▶ **What is being asked**
Of the lines in the data below, write out exactly those from the one holding "奇瑞北京车展 瑞虎8上市10万起售,新SUV基于5X打造价更低" through the one holding "La juge Amy", both included.

▶ **Supplied records**
▬▬▬▬▬▬▬▬▬▬

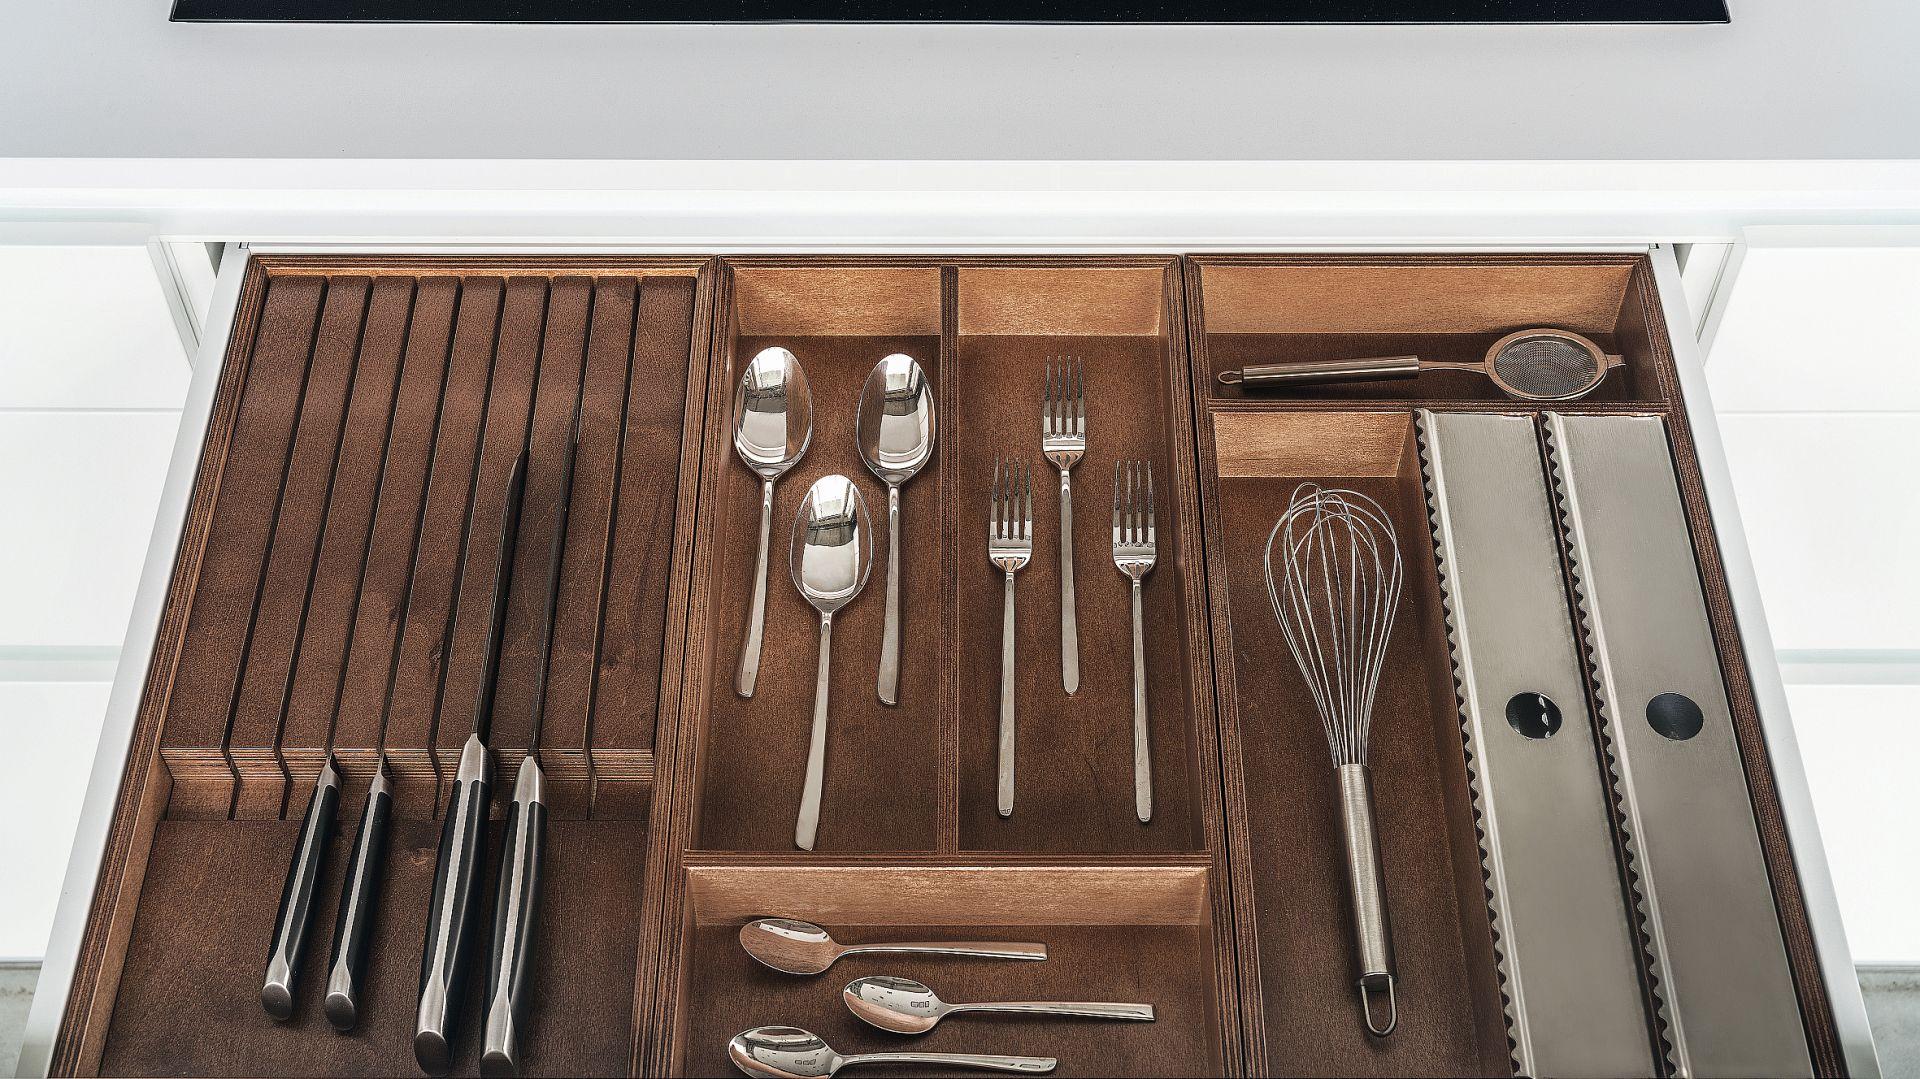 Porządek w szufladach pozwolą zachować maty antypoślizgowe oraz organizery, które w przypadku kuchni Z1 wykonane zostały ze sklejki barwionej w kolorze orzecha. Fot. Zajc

▬▬▬▬▬▬▬▬▬▬

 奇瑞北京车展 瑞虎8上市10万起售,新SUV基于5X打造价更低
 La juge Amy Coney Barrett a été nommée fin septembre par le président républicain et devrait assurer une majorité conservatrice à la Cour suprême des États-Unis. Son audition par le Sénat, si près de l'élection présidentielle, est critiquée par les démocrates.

▬▬▬▬▬▬▬▬▬▬

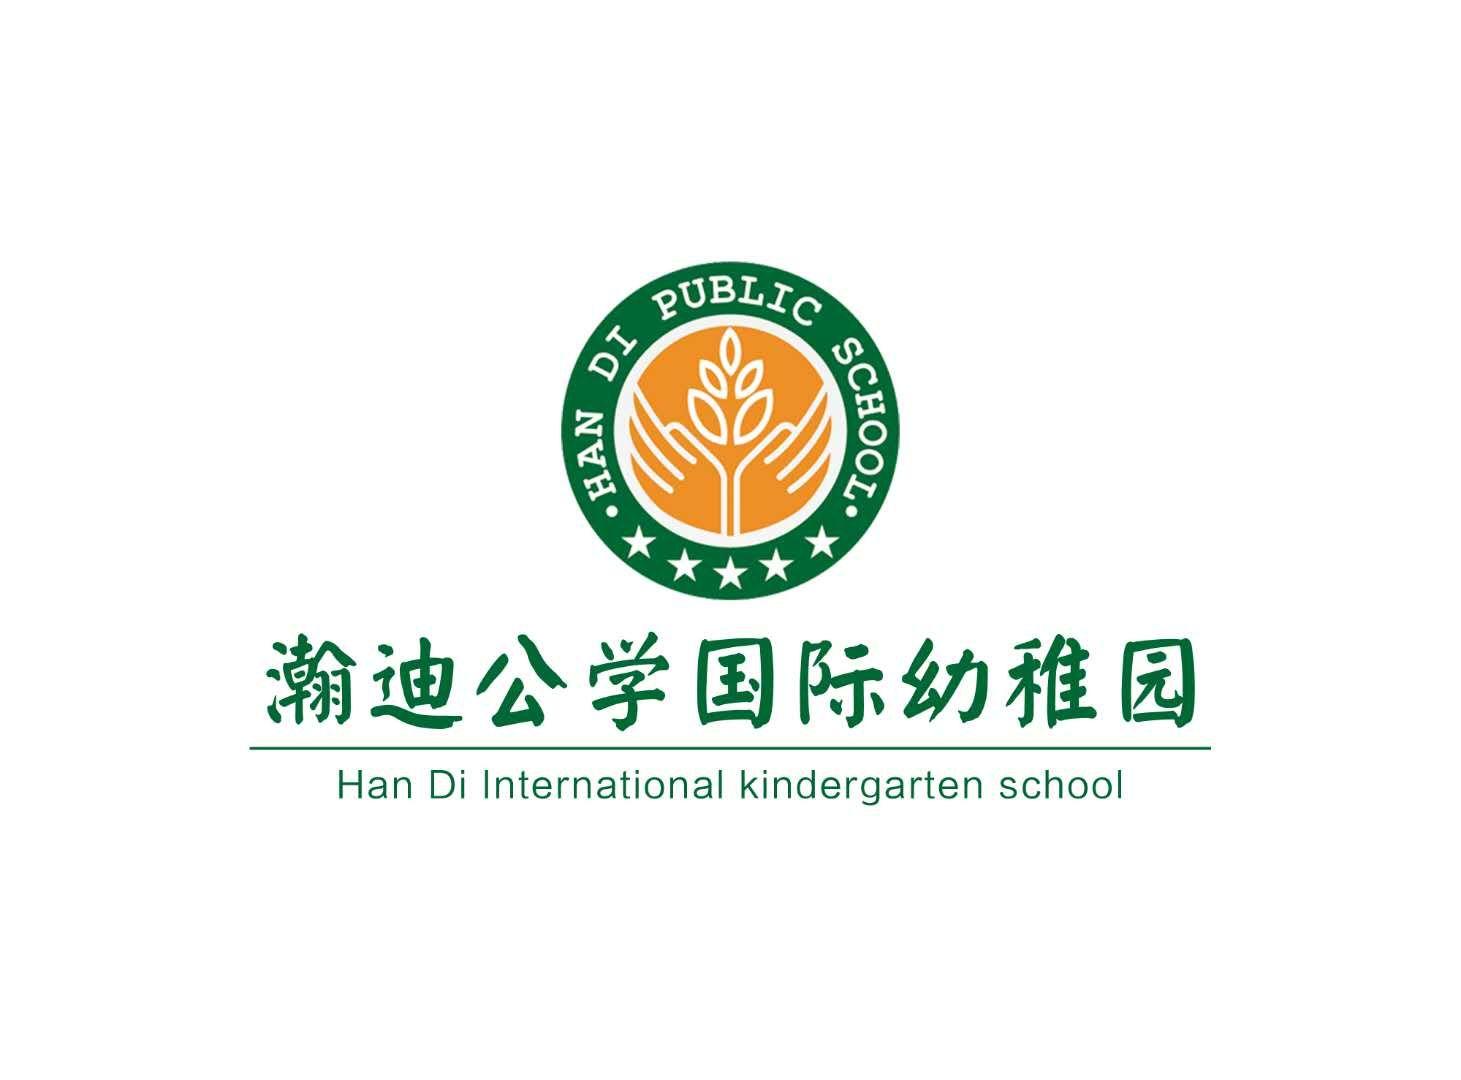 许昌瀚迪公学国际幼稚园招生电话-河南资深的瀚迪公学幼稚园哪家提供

▬▬▬▬▬▬▬▬▬▬

▶ **Response to this exercise**
 奇瑞北京车展 瑞虎8上市10万起售,新SUV基于5X打造价更低
 La juge Amy Coney Barrett a été nommée fin septembre par le président républicain et devrait assurer une majorité conservatrice à la Cour suprême des États-Unis. Son audition par le Sénat, si près de l'élection présidentielle, est critiquée par les démocrates.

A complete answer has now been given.